Thank you, Sky Father.
Then she bent to slice a strip of Kórlo’s expensive tunic away. She used the cloth to wipe Tarankláva clean, slowly, deliberately, staring up the hall the entire time. Staring at Múrvira, who suddenly looked a great deal less satisfied than he had a few moments before. Perhaps he was reading her heart, even without the benefit of a magical sword to help him do it. Certainly, she was concealing nothing of what she felt from her face.
She had been angry at him before. She had been disgusted with him before. Now, for the first time, she realized that she hated Múrvira. Hated him with the clearest passion she had ever known in her life.
You will never use me thus again. I will see you dead first.
Then she put the sword away, and handed her shield back to a glowing Dánia for return to its place on the wall. She took three deep breaths to calm herself, and then moved to the table where the hero’s portion stood. There, she ceremoniously made the first cuts of meat, directing slices to the king’s table and her own. Then she stood back and supervised the slaves, as they finished the job of carving up the beast and distributing the food to all. Others came and carried Kórlo’s body away, leaving behind only the blood-stains on the floor.

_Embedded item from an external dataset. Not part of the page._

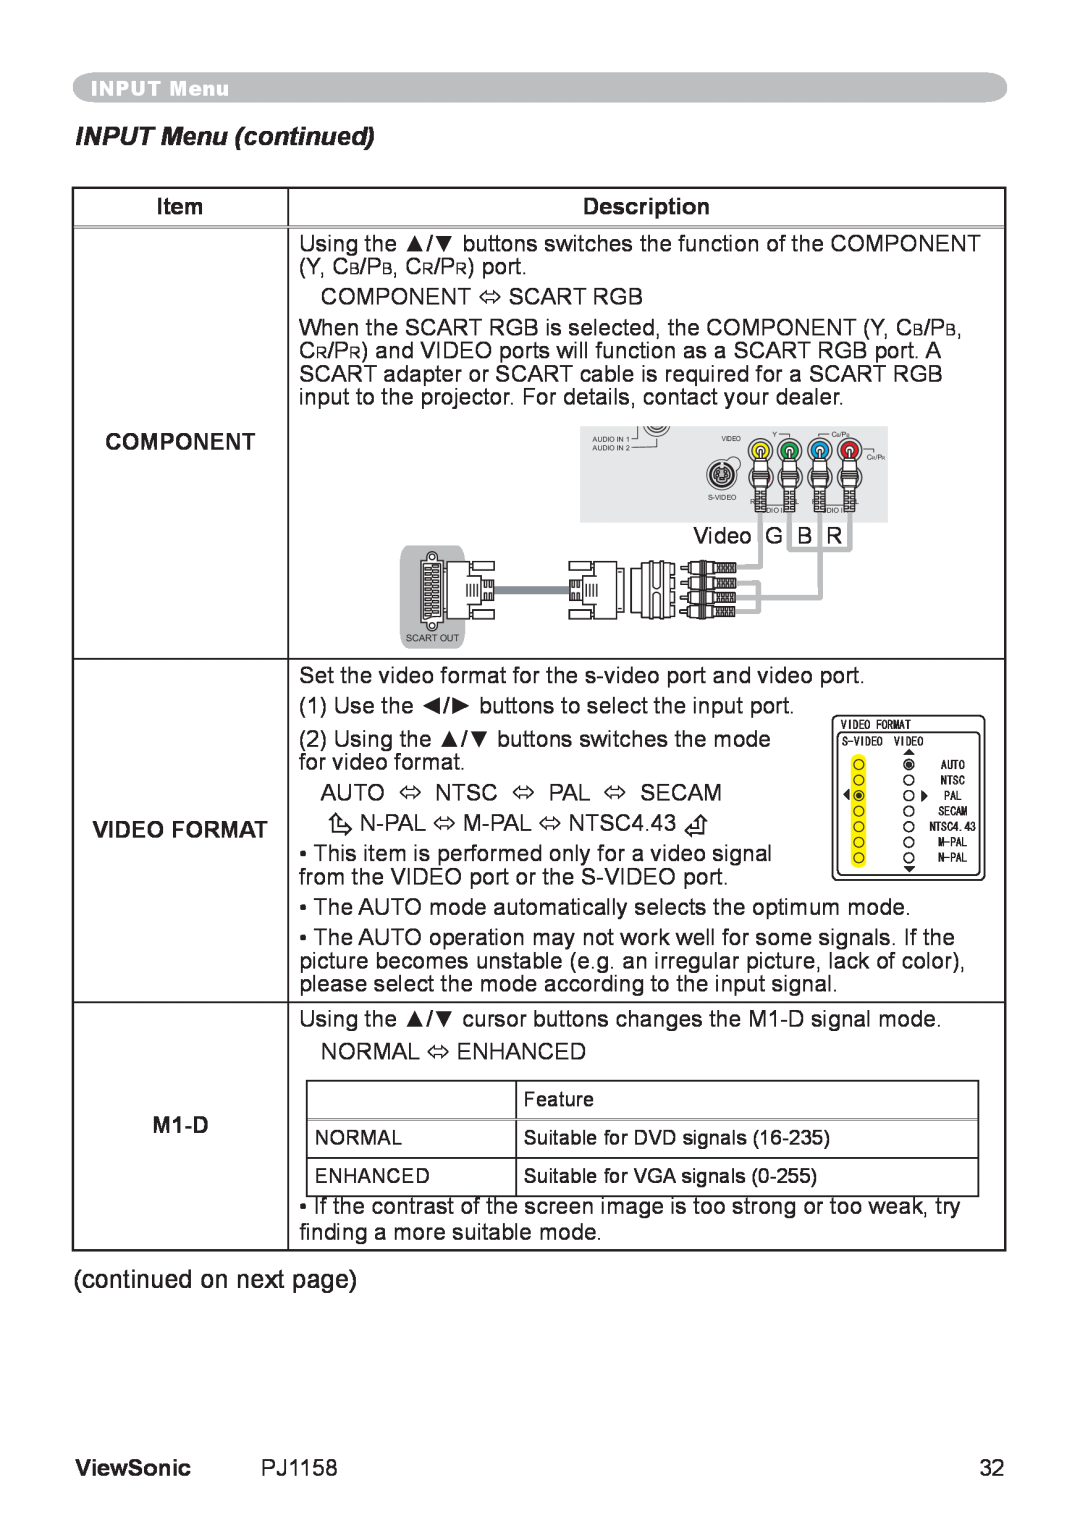 ViewSonic PJ1158 manual INPUT Menu continued, Item, Description, Component, Video Format, M1-D, ViewSonic 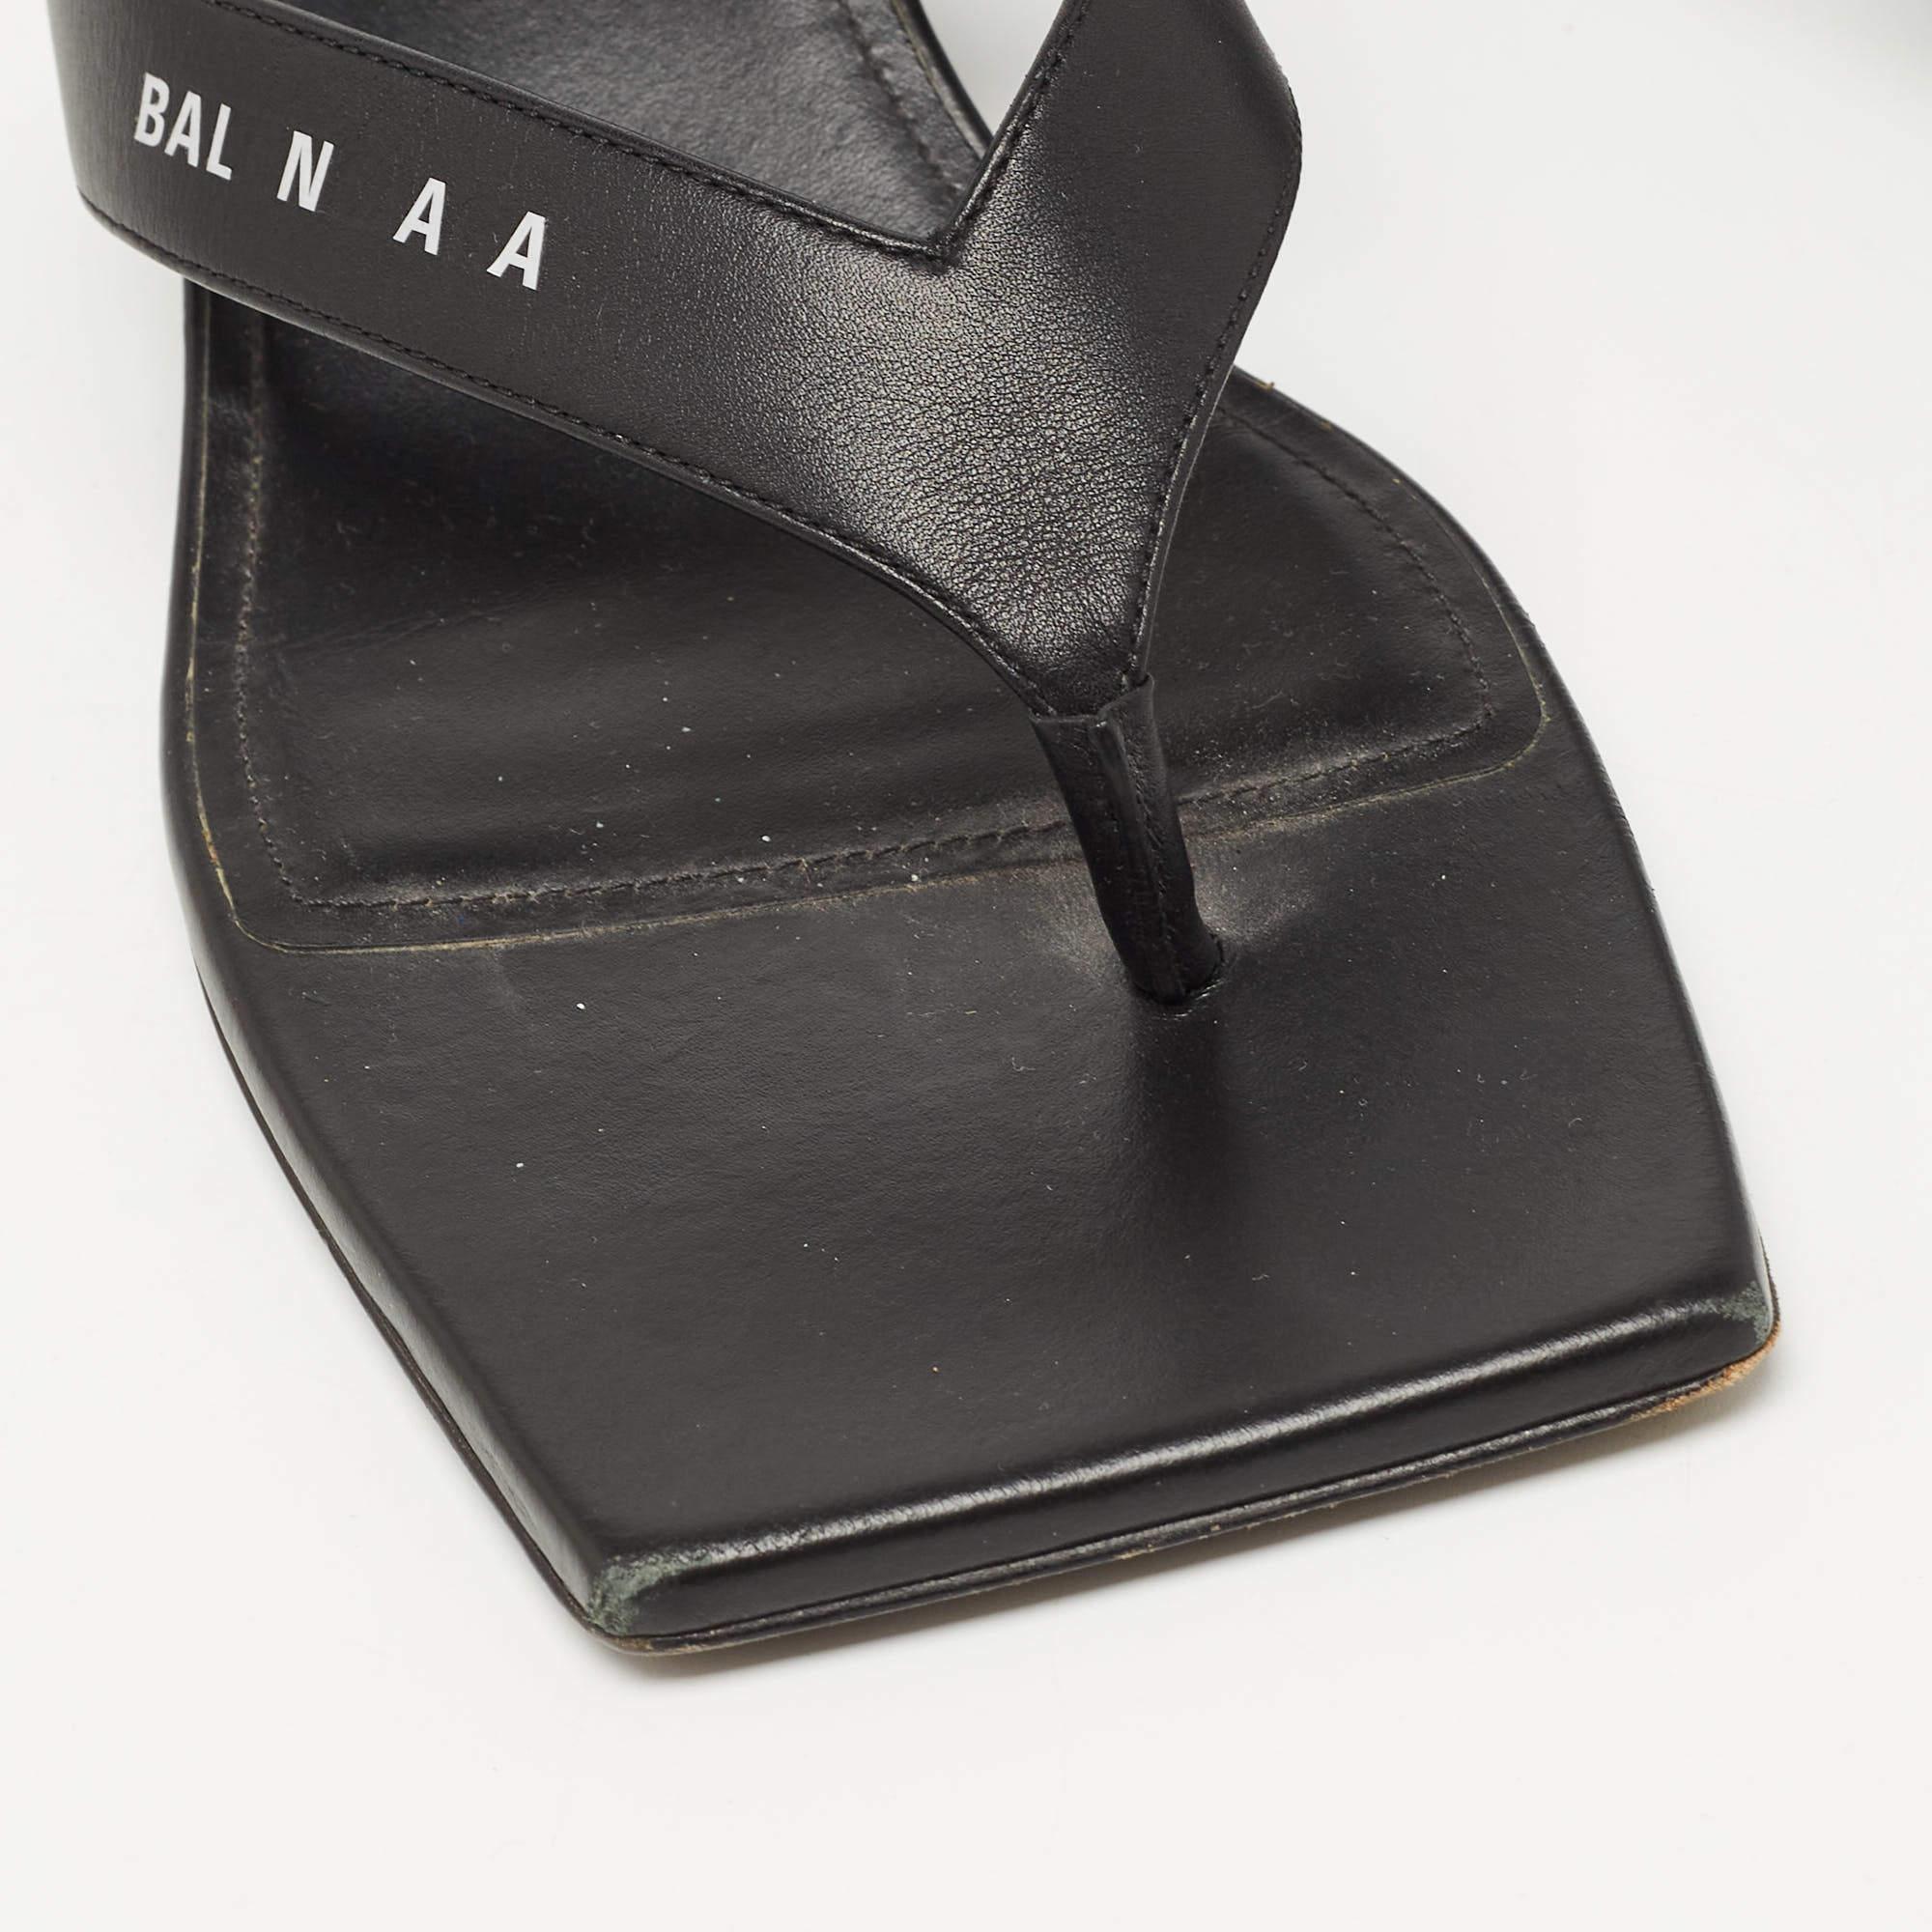 Balenciaga Black Leather Square Toe Thong Slide Sandals Size 39 1

Even then, she was not done.
Thump. Thump. Thump.
Vevára had risen to his feet once more, calling everyone’s attention before they could get too far into the food and drink before them. The hall soon fell into a rather puzzled silence.
“It is clear that we of the Ravatheni tribe have a new god-touched hero among us,” said the senior vaita in his clear tenor. “We are here tonight to discuss war, and it may be that we will call the muster of all the clans before tomorrow’s sunset. It is important that we have the Raven among us, to serve as a fierce war-captain against our foes. She must be permitted to act as fate demands, without distraction. Do all here present agree?”
There was a low rumble of confused talk, but Kráva could see heads nodding here and there around the hall. At least no one openly disagreed with the vaita. Perhaps no one understood enough to object.
Wait. Múrvira is looking even less pleased than a moment ago. He knows what Vevára is up to, I’ll wager.
“Very well,” said Vevára, his voice gone solemn and formal. “Kráva the Swift, child of Derga and TÃvetha, whose clan is Sun, whose tribe is of those who dwell by the Sacred Grove. I lay a geas upon you. From now until the day of the winter solstice, you shall lie down with no man, you shall wed no man, and you shall give no answer at all to any man’s proposal of marriage. Aregbana you are sworn, aregbana you shall remain, and no vaita shall release you from your oath until that day shall come. Do you understand?”
There it is, she realized. Many months of freedom, and I won’t have to give Múrvira any answer until then. I won’t be able to settle down with Drúthan or any other man either . . . but that’s a price I can pay, for the sake of the tribe.
“I understand, arai,” she said calmly, and tried not to look gleeful at the expression of frustrated rage on Múrvira’s face.